Recipe from 1990 Presbyterian Women First Presbyterian

Church of Apopka, Treasures and Pleasures cookbook

1 (12-ounce) package of chocolate chips

1/2 cup of margarine

1 (10-ounce) package multi-colored marshmallows

1 cup finely chopped pecans

Flaked coconut (small can)

Melt chocolate and oleo over low heat and let it cool, then add marshmallows and nuts to the chocolate mixture. Place mixture on waxed paper and shape into two rolls, 1-1/2 to 2 inches in diameter. Pat mixture with hands to make mixture hold together, then roll them in coconut. Refrigerate and then when thoroughly chilled slice into half-inch slices.

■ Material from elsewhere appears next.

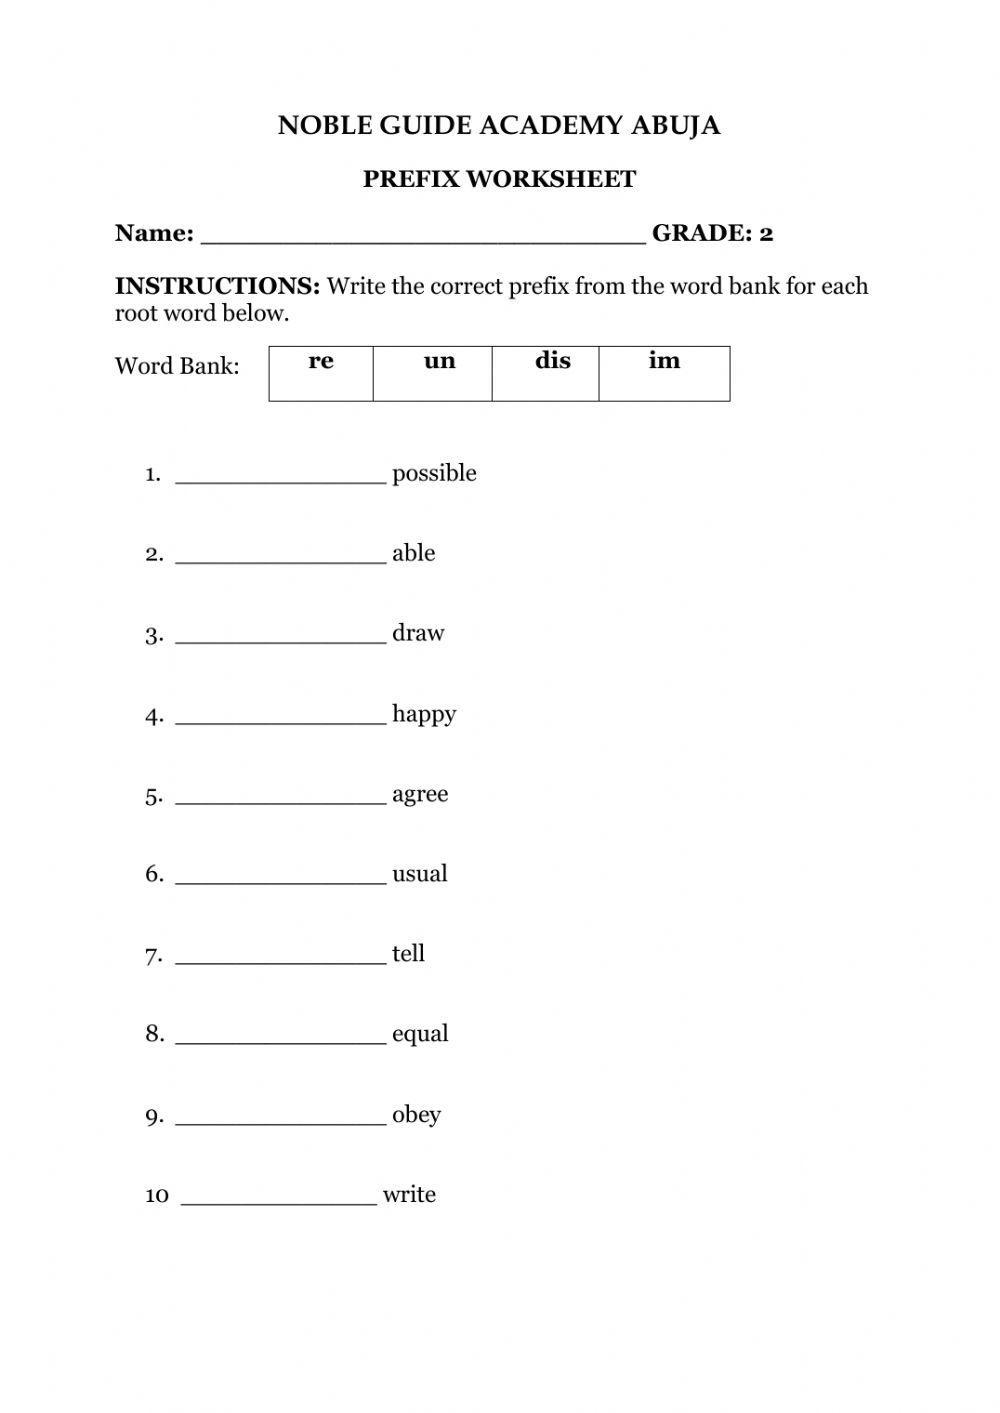 Prefix Worksheet

Recipe yields three dozen of the beautifully colorful as well as delicious “church windows.” They can be frozen after slicing layered with wax paper.

 

peanut.butter.fudgeAGNES GREEN’S MICROWAVE

OLD-FASHIONED FUDGE

Recipe from Lake Hill Baptist Church’s

Treasures from Heaven

2 cups sugar

5 tablespoons cocoa

1/4 teaspoon salt

1 cup milk

1 tablespoon light corn syrup

2 tablespoons butter or margarine

1 teaspoon vanilla

1/2 cup chopped nuts

Combine sugar, cocoa and salt in a three quart to three-and-a-half quart mixing bowl or casserole dish. Stir in milk and syrup thoroughly. Cover. Microwave uncovered for 10-14 minutes. Test by dropping a small amount of mixture in ice water. It should form a small ball when picked up. Without stirring, cool mixture to lukewarm, 120 degrees on the edges of the mixture. After 10 minutes, the casserole may be placed in a bowl of cool water if you wish. Add vanilla and nuts, then beat until mixture is thick and creamy, starts to hold its shine and holds its shape. Then pour the mixture quickly into a buttered 9-by-5 or a 10-by-6 inch loaf dish. If fudge is too thick to spread, stir in a few drops of cream or milk.